24. The method of claim 1, wherein the printed pattern of charge affects a physical parameter of the underlying substrate surface.

25. The method of claim 24, wherein the physical parameter is binding affinity to a material; electrostatic attraction or repulsion; or electronic or optoelectronic property.

26. The method of claim 1, wherein the printed pattern of charge is used to provide electrostatic control of an electronic, optoelectronic, photovoltaic or mechanical device.

27. The method of claim 1, further comprising coating the printed pattern of charge on the substrate surface with an encapsulating layer, wherein the encapsulating layer electrically insulates the printed pattern of charge.

28. A functional device made by the process of claim 1.

29. The functional device of claim 28, wherein the functional device is selected from the group consisting of an electronic component; a bioassay device; an anti-counter-fitting device; an optoelectronic device, a photovoltaic device, a mechanical device; and a security feature.
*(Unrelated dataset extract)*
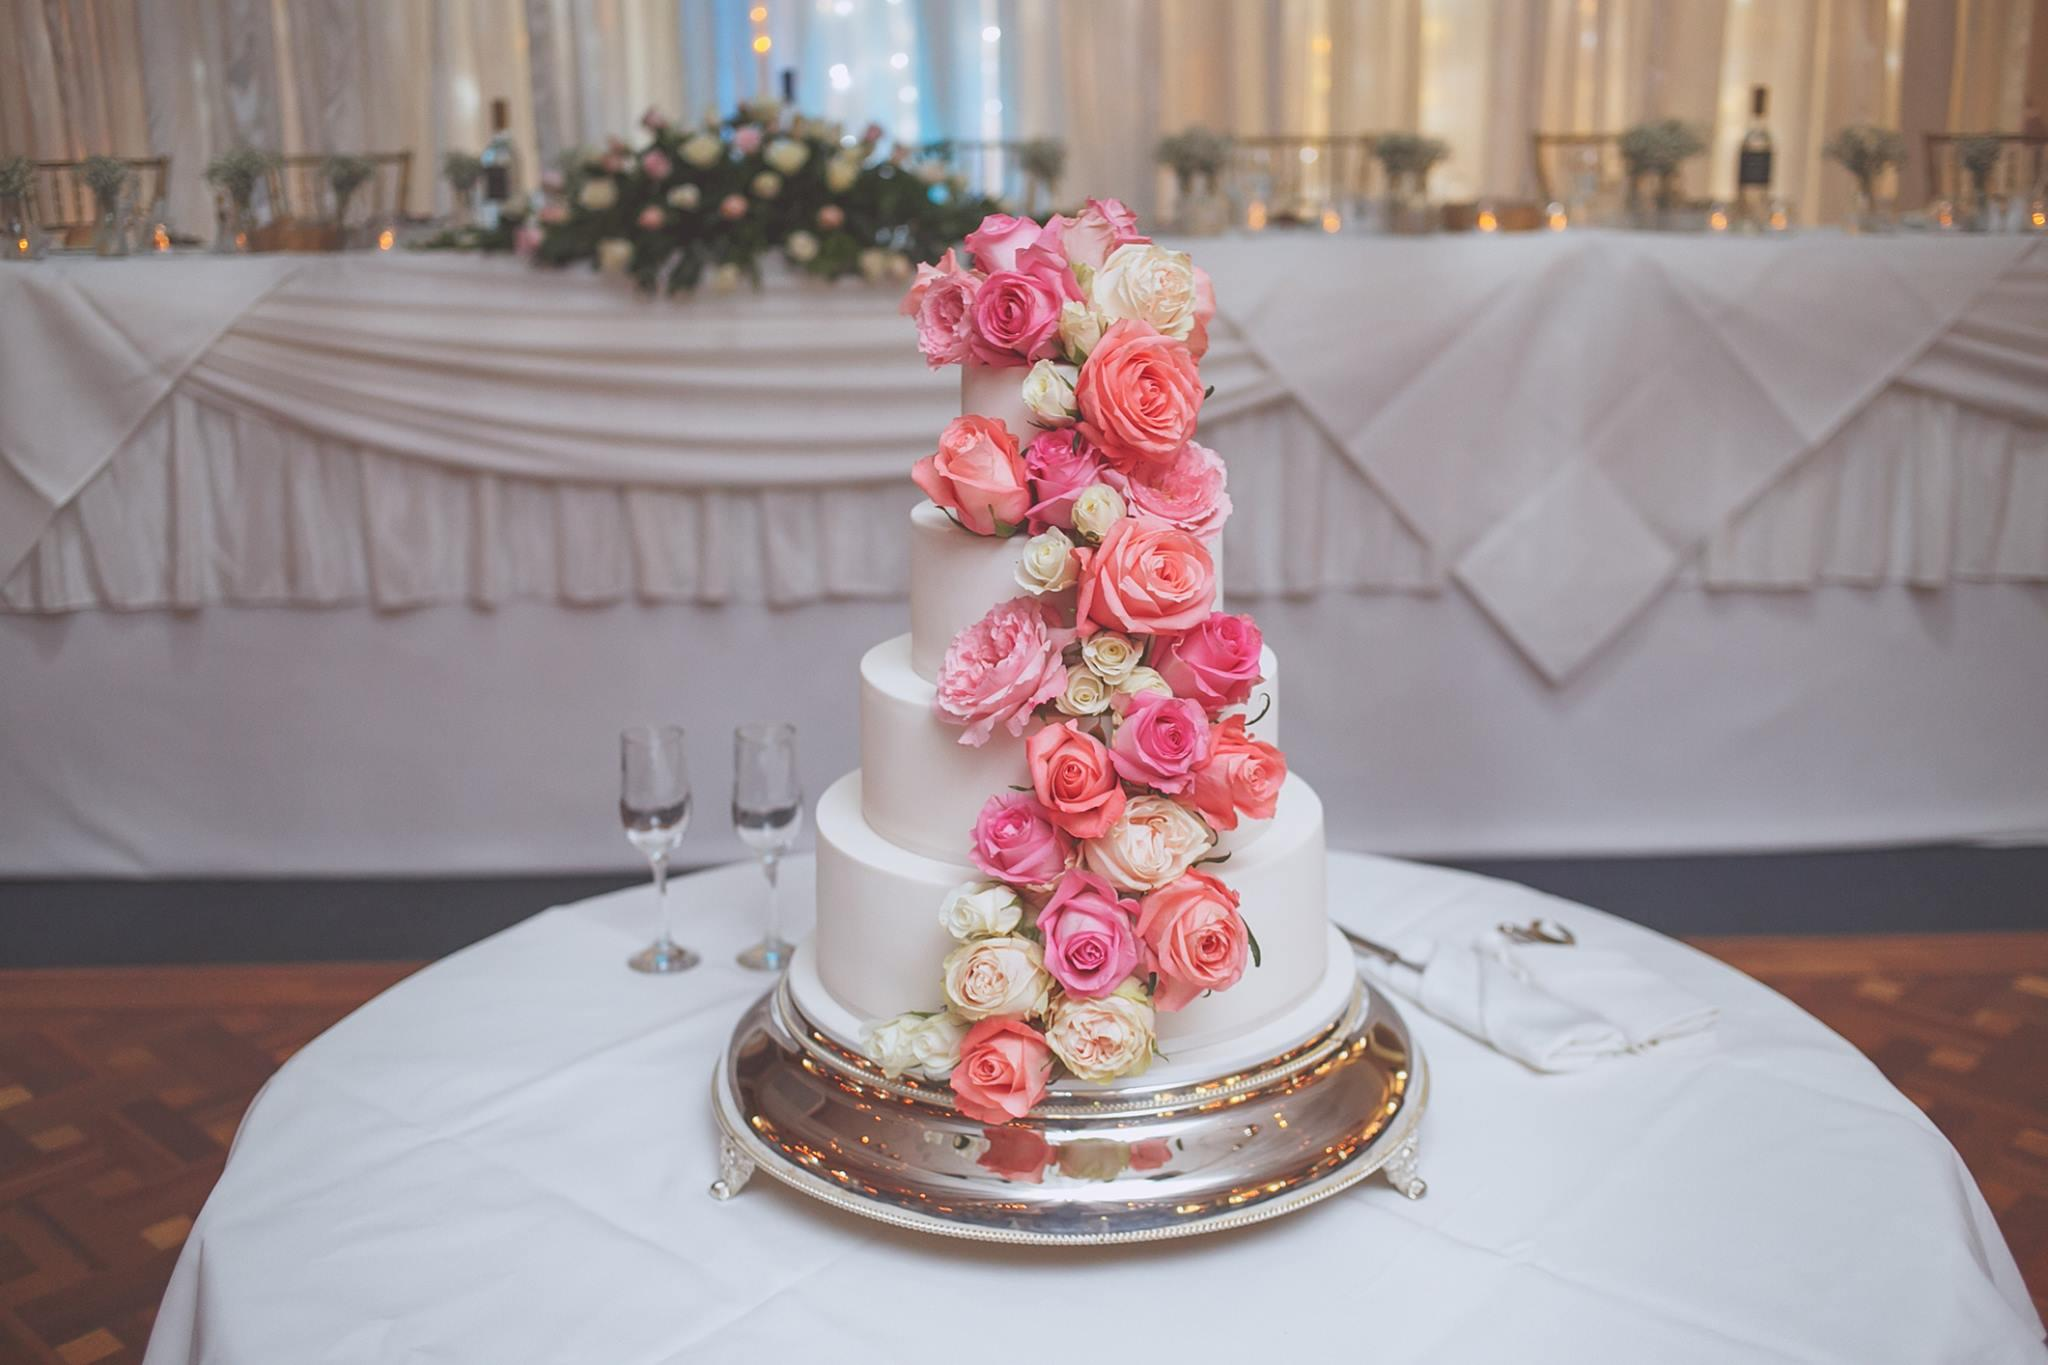 Wedding Cakes by Tammy Allen image 29

30. The method of claim 1, wherein the suspending fluid is a volatile fluid that evaporates during flight from the nozzle to the substrate surface.
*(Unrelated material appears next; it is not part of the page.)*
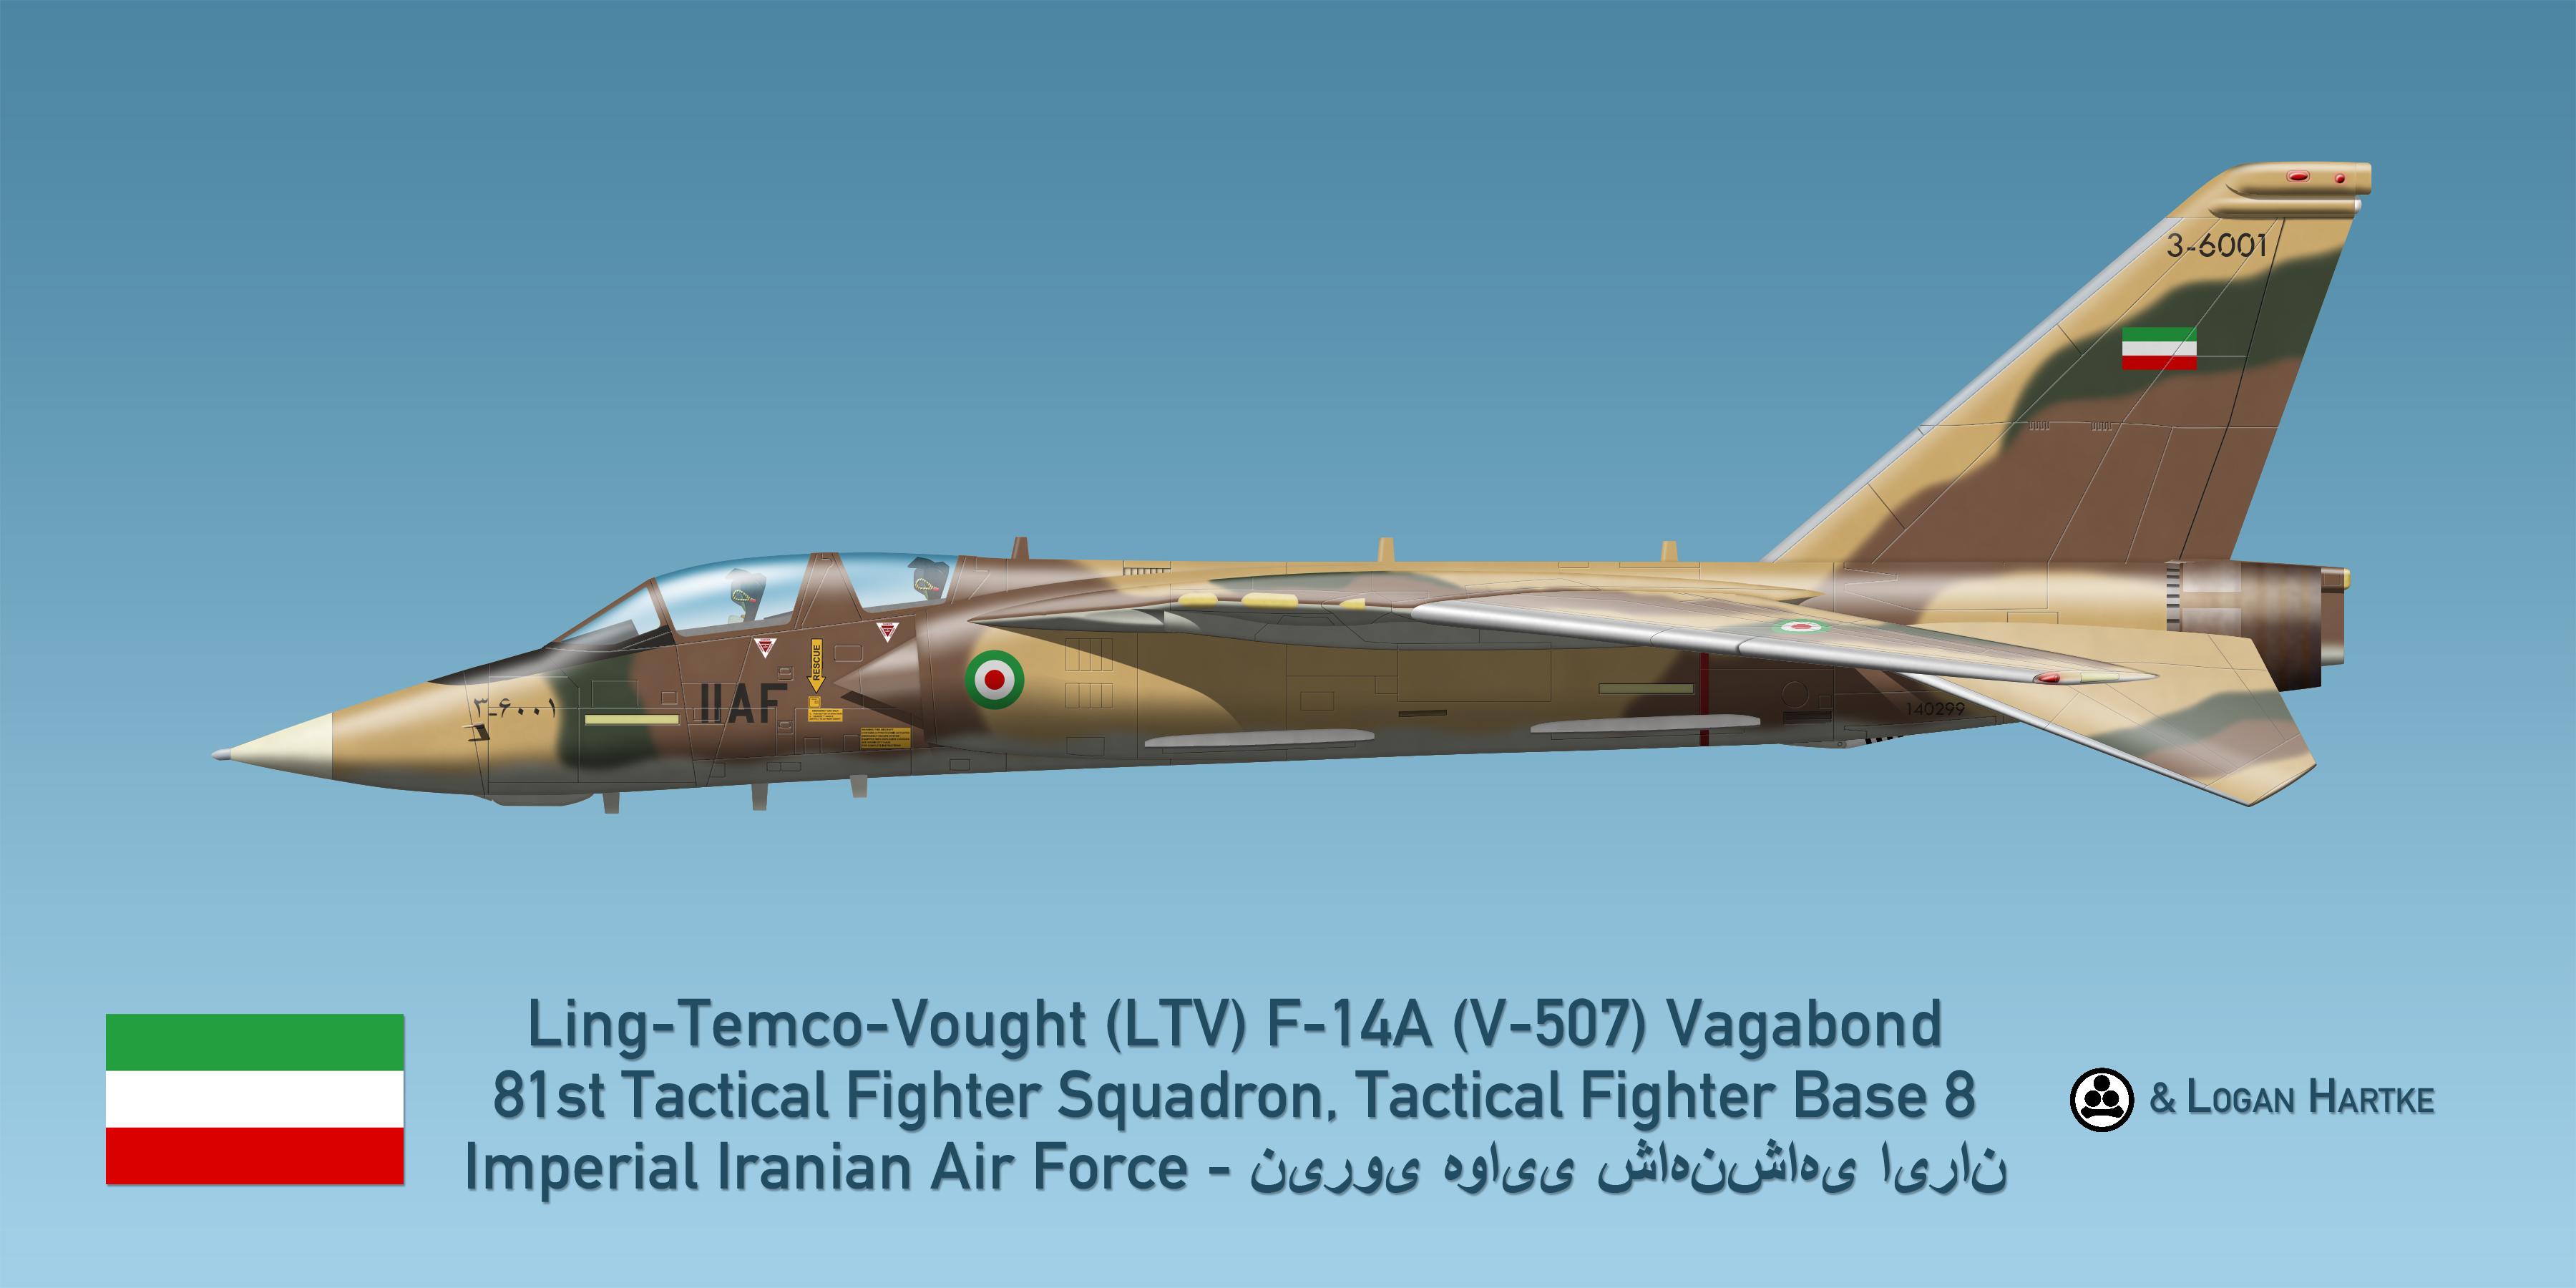 Vought V-507 F-14A Vagabond - Iran

31. A method of processing a substrate surface by charge deposition; said method comprising the steps of:

providing a nozzle containing a printable fluid;

providing a substrate having a substrate surface;

generating from the nozzle an ejected printable fluid containing net charge;

directing the ejected printable fluid containing suspending fluid and net charge to the substrate surface, wherein the net charge does not substantially degrade and substantially all the suspending fluid evaporates prior to physical contact with the substrate surface; and

retaining the net charge on the substrate surface,

wherein the printed charge influences a physical parameter of the substrate surface underlying the printed charge; and the printed pattern of charge comprises a plurality of dots of charge that form nanolines having a width less than 100 nm and a length greater than or equal to 1 μM.

32. The method of claim 31, wherein the substrate comprises silicon.

33. The method of claim 31, wherein the physical parameter is selected from the group consisting of binding affinity; an electronic or optoelectronic property; and electrostatic attraction or repulsion.